──────── DATA EXTRACT ────────

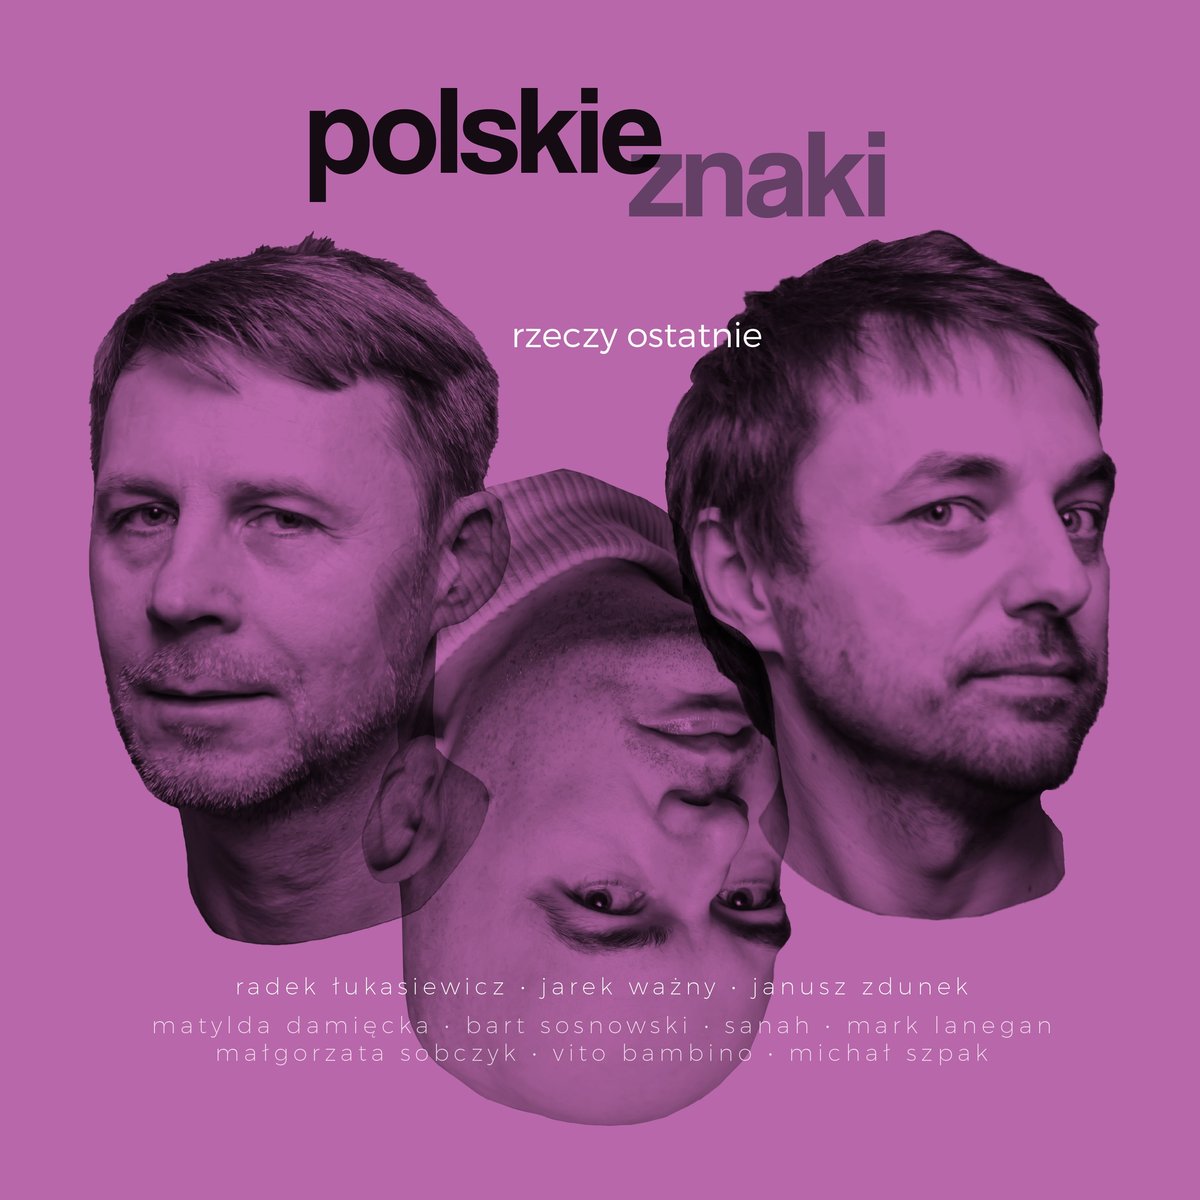 Polskie Znaki Rzeczy ostatnie cover artwork
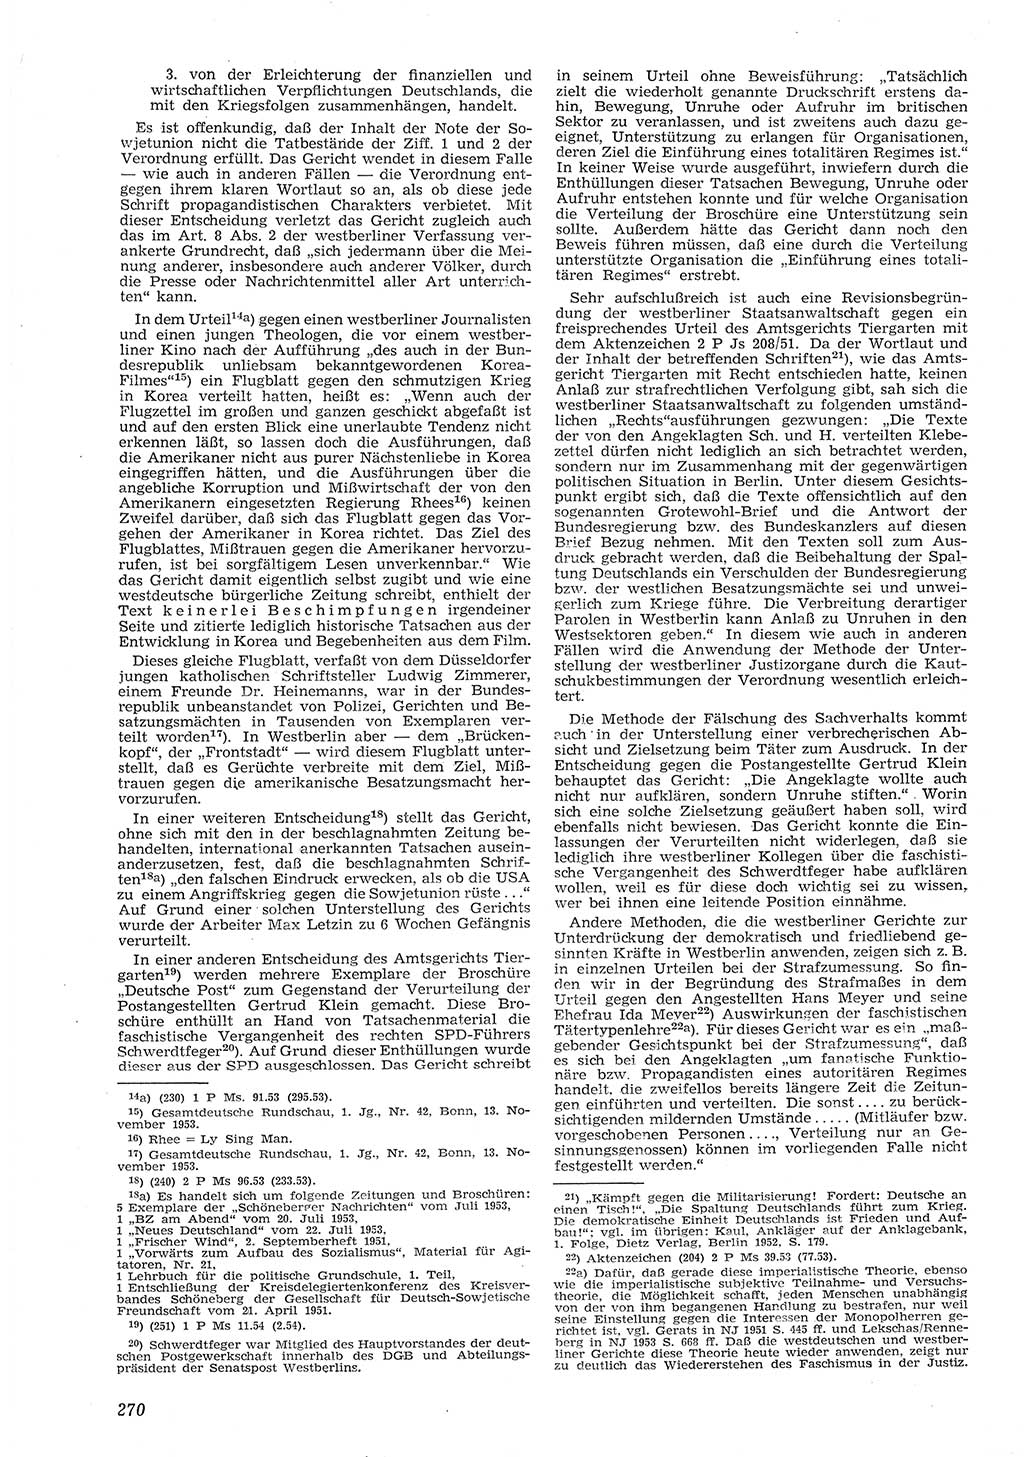 Neue Justiz (NJ), Zeitschrift für Recht und Rechtswissenschaft [Deutsche Demokratische Republik (DDR)], 8. Jahrgang 1954, Seite 270 (NJ DDR 1954, S. 270)
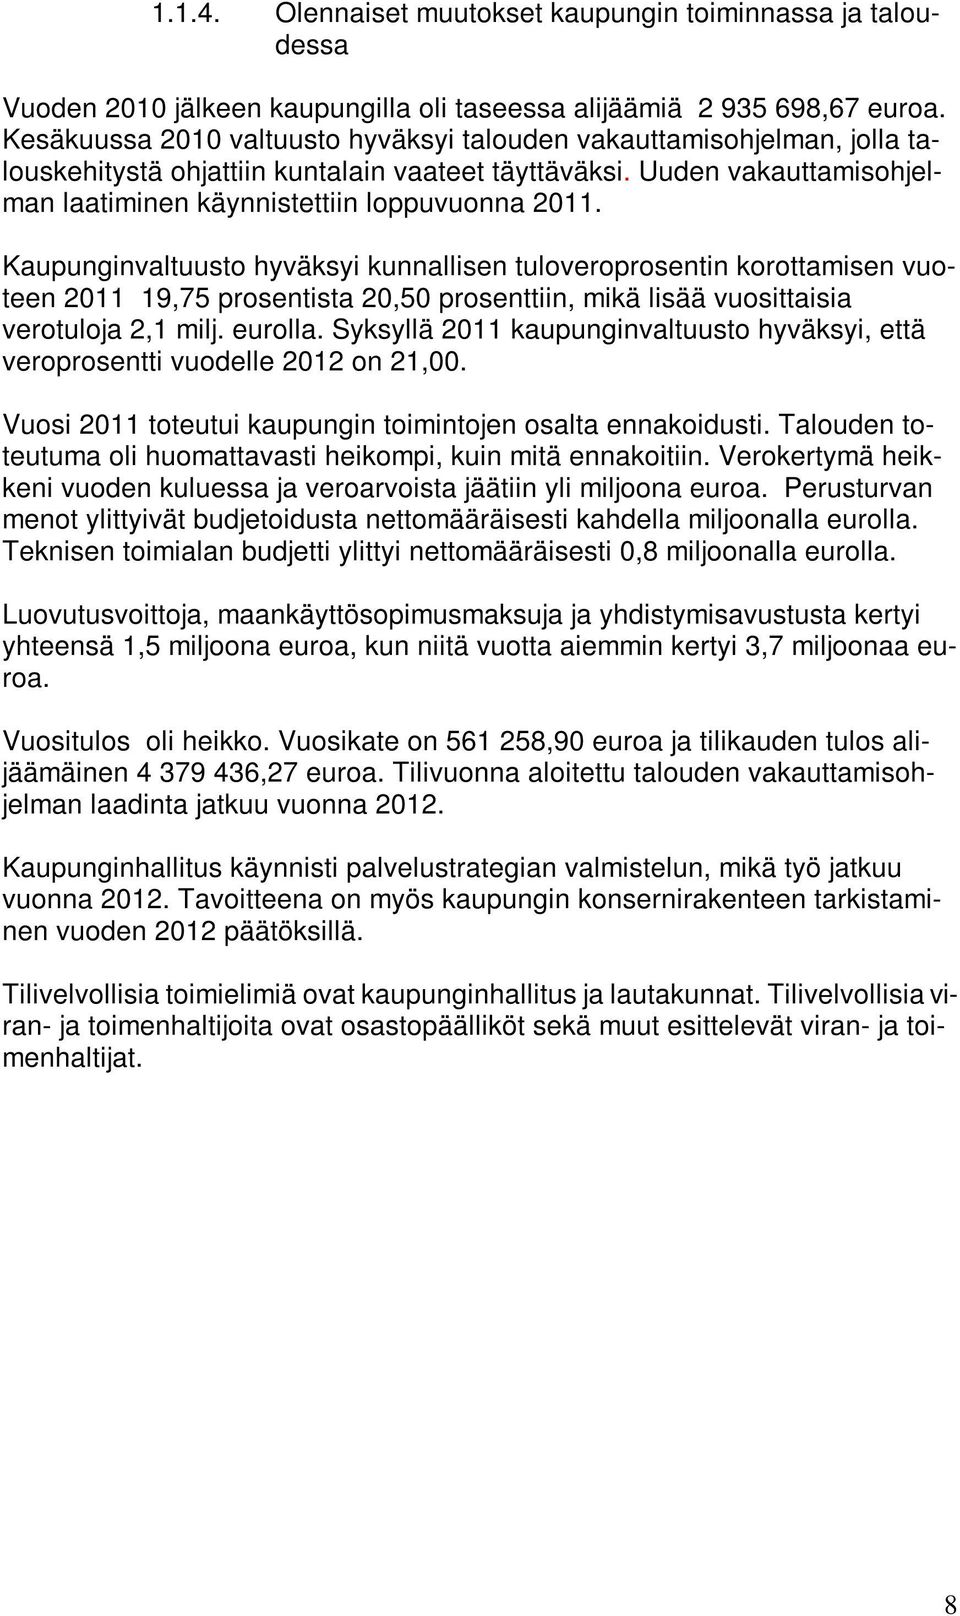 Kaupunginvaltuusto hyväksyi kunnallisen tuloveroprosentin korottamisen vuoteen 2011 19,75 prosentista 20,50 prosenttiin, mikä lisää vuosittaisia verotuloja 2,1 milj. eurolla.

────────

PROBLEM DETAILS | A verbatim copy of the listing is required, with all pictures left out.

COMPLETED TASK |
 Polskie Znaki Rzeczy ostatnie cover artwork
 Neue Justiz (NJ), Zeitschrift für Recht und Rechtswissenschaft [Deutsche Demokratische Republik (DDR)], 8. Jahrgang 1954, Seite 270 (NJ DDR 1954, S. 270)
 Kaupunginvaltuusto hyväksyi kunnallisen tuloveroprosentin korottamisen vuoteen 2011 19,75 prosentista 20,50 prosenttiin, mikä lisää vuosittaisia verotuloja 2,1 milj. eurolla.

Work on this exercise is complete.